Israeli jets have frequently targeted government-held positions

Syria said Israeli air strikes hit a military facility in the country's west on Thursday, killing two people at a site where the regime has been accused of developing chemical weapons.

The site near the Syrian town of Masyaf, between the central city of Hama and a port used by the Russian navy, includes a training camp and a branch of the Scientific Studies and Research Center (SSRC).

The United States has accused the SSRC of helping to develop the sarin gas used in an attack on the Syrian town of Khan Sheikhun in April that killed dozens.

President Bashar al-Assad's government has blasted such accusations as "fabrications," and Syria's army on Thursday did not mention the SSRC in its statement on the Israeli strikes.

"Israeli warplanes at 2:42am today fired a number of missiles from Lebanese air space, targeting one of our military positions near Masyaf, which led to material damage and the deaths of two members of the site," the statement said.

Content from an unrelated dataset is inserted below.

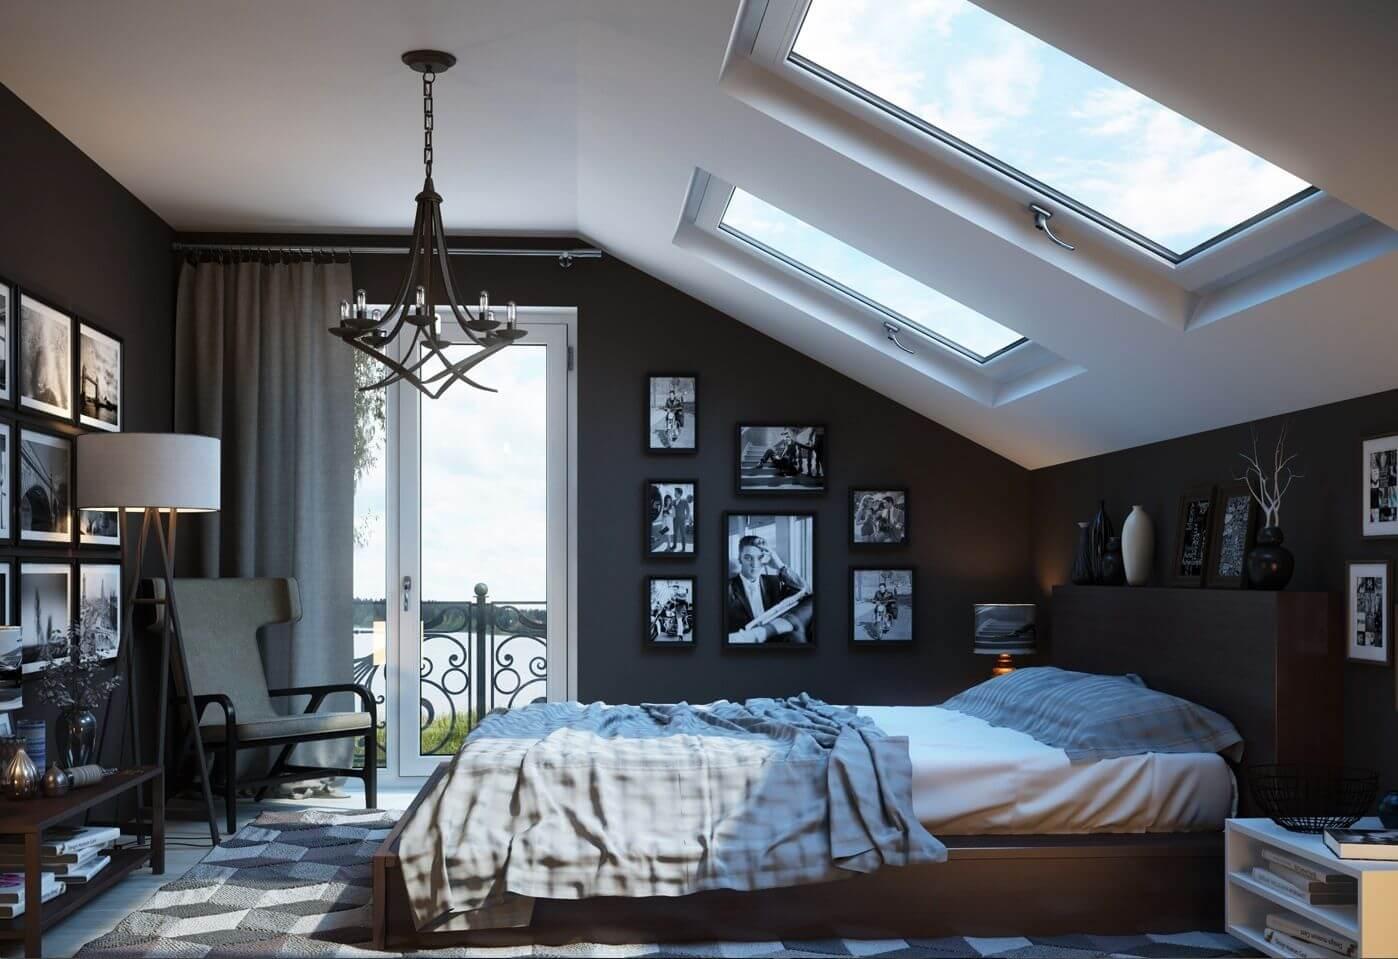 Fashionable adult bedroom

"Syria's army warns of the serious repercussions of such acts of aggression on the security and stability of the region," it added.

Since Syria's conflict erupted in 2011, Israel has conducted several air strikes on the war-ravaged country against government forces and allied fighters from Lebanese movement Hezbollah.

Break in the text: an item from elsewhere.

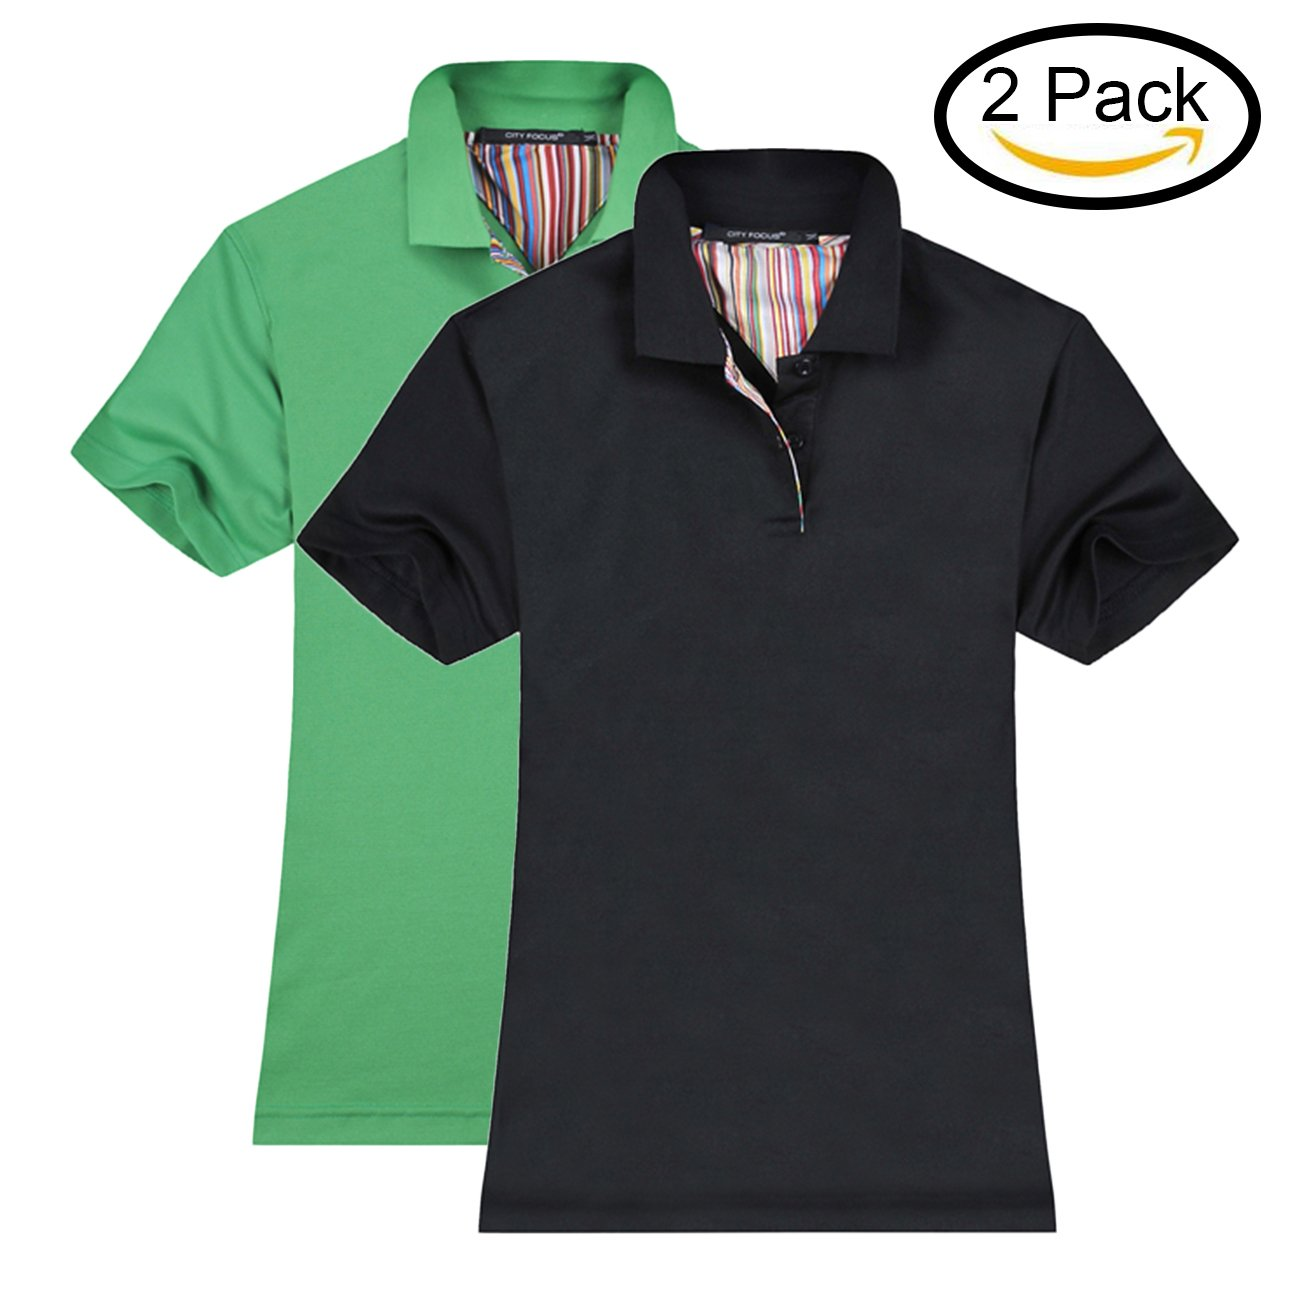 MTTROLI Womens Polo Shirts Short Sleeve Design T Shirts Womens Workwear 2 Button Design Tops

The British-based Syrian Observatory for Human Rights monitoring group said Hezbollah fighters and Iranian military personnel were known to use the site at Masyaf.

"There are Iranian experts using the research centre there. Hezbollah also uses the facility," said Observatory head Rami Abdel Rahman.

"The research centre was definitely damaged in the strikes. There is huge fire emanating from a weapons warehouse where missiles were being stored," he added.

- 'Produces chemical weapons' -

Israel officials declined to comment on the raids on Thursday.

Former military intelligence head Amos Yadlin said the site targeted on Thursday "produces the chemical weapons and barrel bombs that have killed thousands of Syrian civilians."

He stopped short of saying Israel had carried out the raids, but said that if it did, they would show "Israel intends to enforce its redlines despite the fact that the great powers are ignoring them."

On Wednesday, United Nations war crimes investigators announced they had an "extensive body of information" indicating Syrian warplanes were behind the deadly April 4 attack on Khan Sheikhun.

A fact-finding mission by the UN's chemical watchdog, the Organisation for the Prohibition of Chemical Weapons (OPCW), concluded earlier this year that sarin gas was used in the attack but did not assign blame.

The attack left at least 87 people dead and prompted the United States to launch a cruise missile strike on a Syrian military airport where it said the attack had originated.

Weeks later, the US sanctioned 271 Syrian chemists and other officials affiliated with the SSRC, which it said was behind the Syrian government's efforts to develop chemical weapons.

Syria's government claims it no longer possesses chemical weapons after a 2013 agreement under which it pledged to surrender its chemical arsenal.

But in 2016, a UN-led investigative body said the Syrian government was behind at leat three chemical attacks in northern Syria in the previous two years.